# suggestions for 180g tank?



## Guest (Dec 23, 2005)

Any suggestions for what i should get for my 6ftx2ftx2ft tank? thanks


----------



## C.D. (Jan 31, 2005)

im no buff on bearded dragon care but im pretty sure you could do like 1 male and maybe 2 females in a big tank like that. i think that would be cool. bearded dragons are by far my fav. herp. you could also, if you wanted to shell out some major cash do a huge poison dart frog colony. that would also be amazing.


----------



## huntx7 (Nov 13, 2004)

What exactly are you looking at... lizards, snakes, etc?


----------



## DeadIrishD (Nov 9, 2004)

All we know is the tank size, and without that noone can really answer it, that well with out knowing things such as,

What do you have experience in? 
Do you have a prefrence for this or that kind of herp (lizard, amphibian, snakes)?
How big of a lizard/snake/amphibian are you looking to get?

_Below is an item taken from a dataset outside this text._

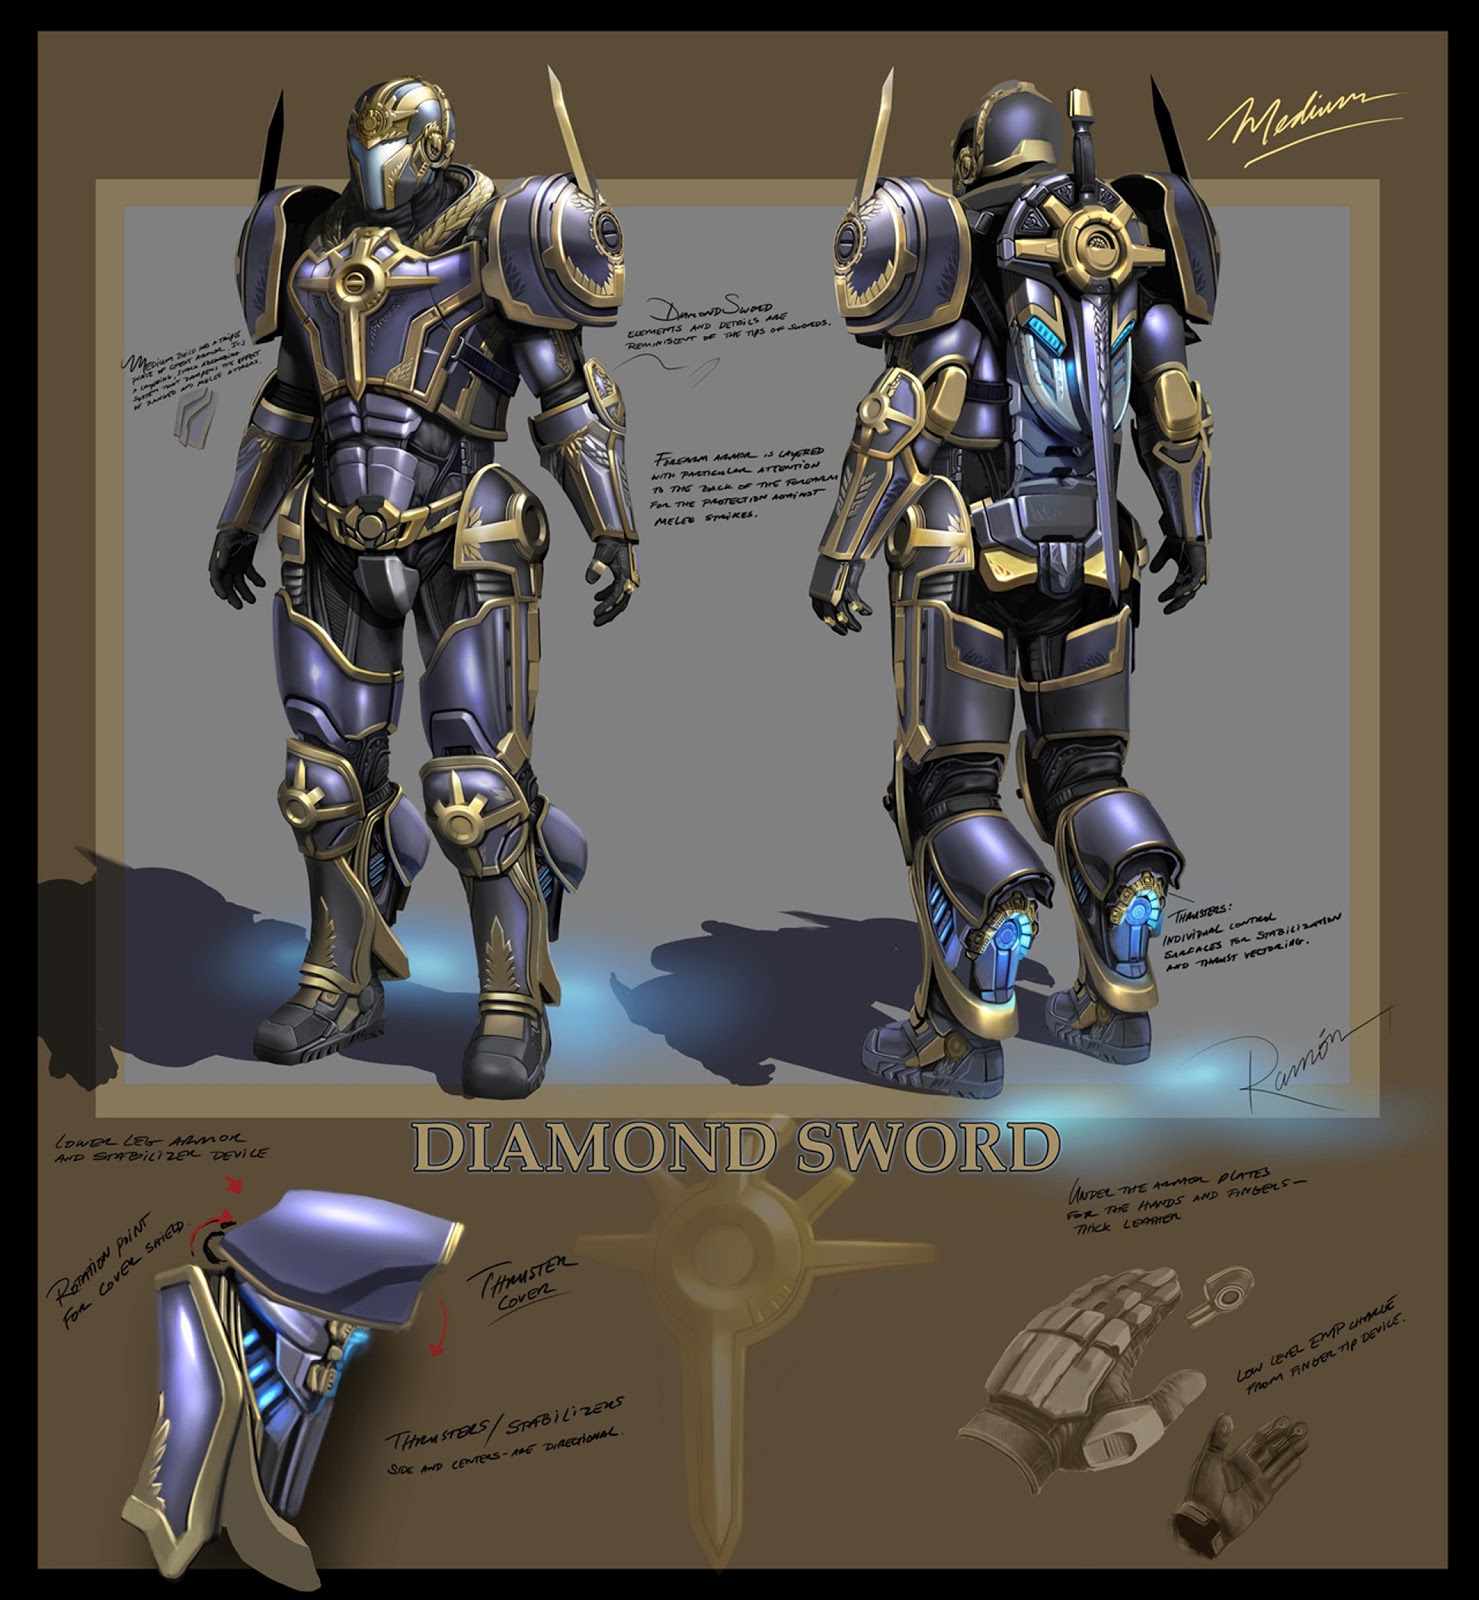 http://2.bp.blogspot.com/-oQ4IME5WyjY/UJNvRVWZTSI/AAAAAAAAHQo/_zJBLHLsGm8/s1600/tribes+ascend+medium+INFANRTY+exo+suit+space+diamond+sword+armor+halo+4+sci+fi+soldier+concept+design+cyborg+costume+3d+4.jpg

but here are some suggestions

Lizards- Bearded Dragons, Blue Tounge Skinks, Plated Lizards

Snakes- Corn snakes, Ball Pythons, and even a boa (some will out grow the tank though.)

amphibians-dart frogs, marine toads, a chinese giant salamander (but belive it or not, would probably outgrow the tank.) 
http://www.caudata.org/cc/species/Andrias/A_davidianus.shtml


----------



## Feeder_Phish (Apr 15, 2005)

how much are you willing to spend?????? $$$$


----------



## Wisdom16 (Feb 19, 2005)

Trio of Ackie monitors


----------



## C.D. (Jan 31, 2005)

i don't think that a boa would outgrow a 180 maybe a burmese or retic but those are pythons.


----------



## DeadIrishD (Nov 9, 2004)

C.D.

I did say that some will, due to the fact that BCI females can get up to 10' long.

from what I have read at http://www.nature.ca/notebooks/english/boa.htm BCC's can get up too 13ft.

but nah you can fit them in a small tank, same way to can fit a full grown RTC in a 55gal.


----------